### [MATERIAL PROVIDED]
--------

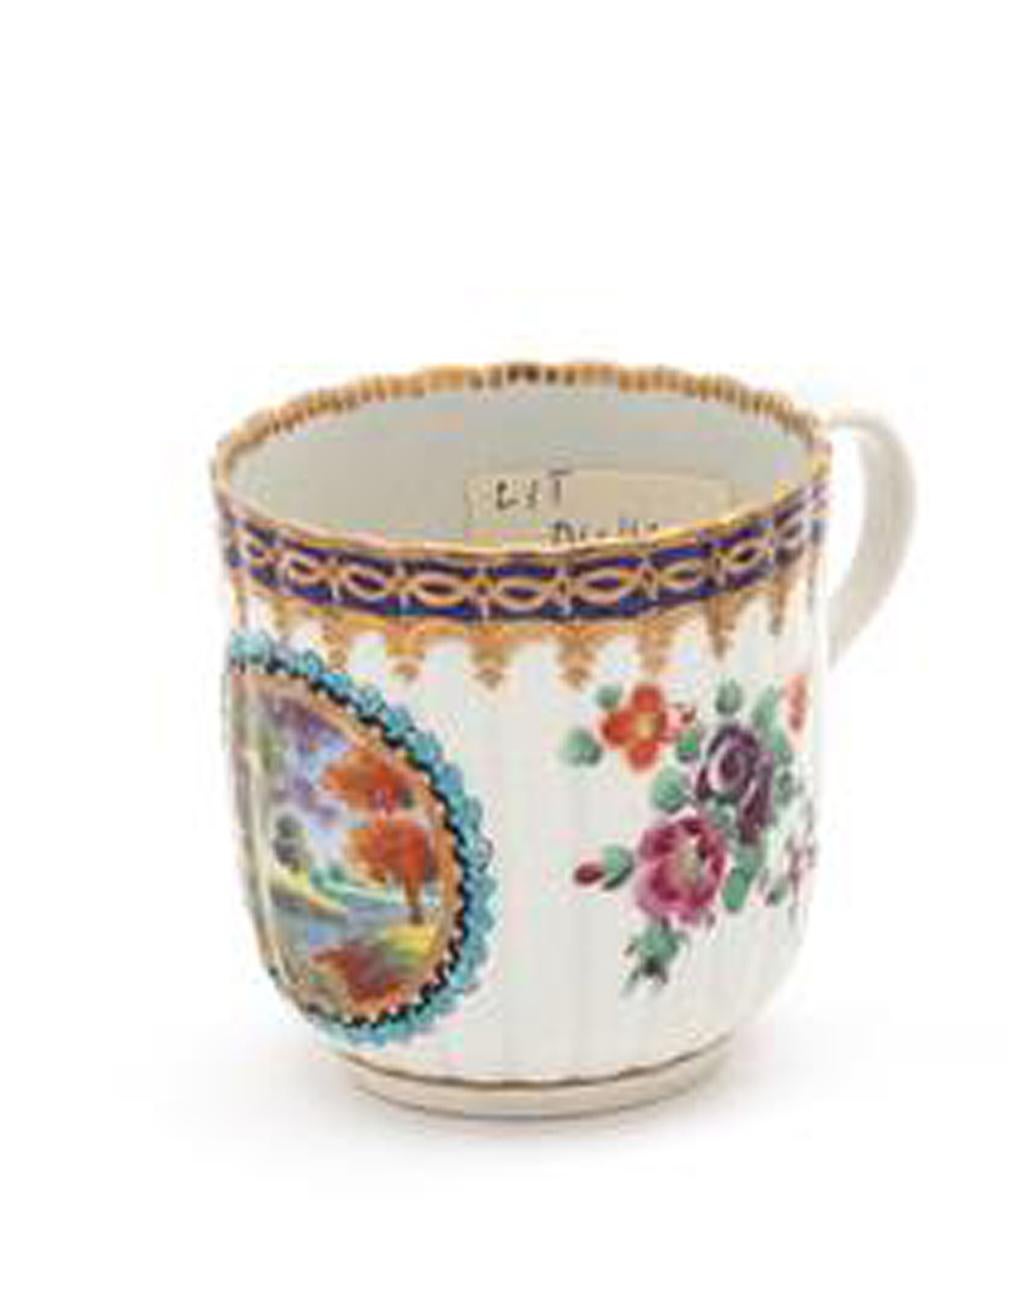 Erste Periode Worcester Porzellan Kaffeekanne und Untertasse,
ca. 1772-1775

Die geriffelte Worcester-Porzellan-Kaffeekanne und -Untertasse sind fein mit einer zentralen Reserve mit einer Landschaftsszene mit einem Blumen- und

--------

### [WORK ORDER]
Leave the images out and give the rest of the data again exactly.

### [ANSWER SPACE]
 Erste Periode Worcester Porzellan Kaffeekanne und Untertasse,
ca. 1772-1775

Die geriffelte Worcester-Porzellan-Kaffeekanne und -Untertasse sind fein mit einer zentralen Reserve mit einer Landschaftsszene mit einem Blumen- und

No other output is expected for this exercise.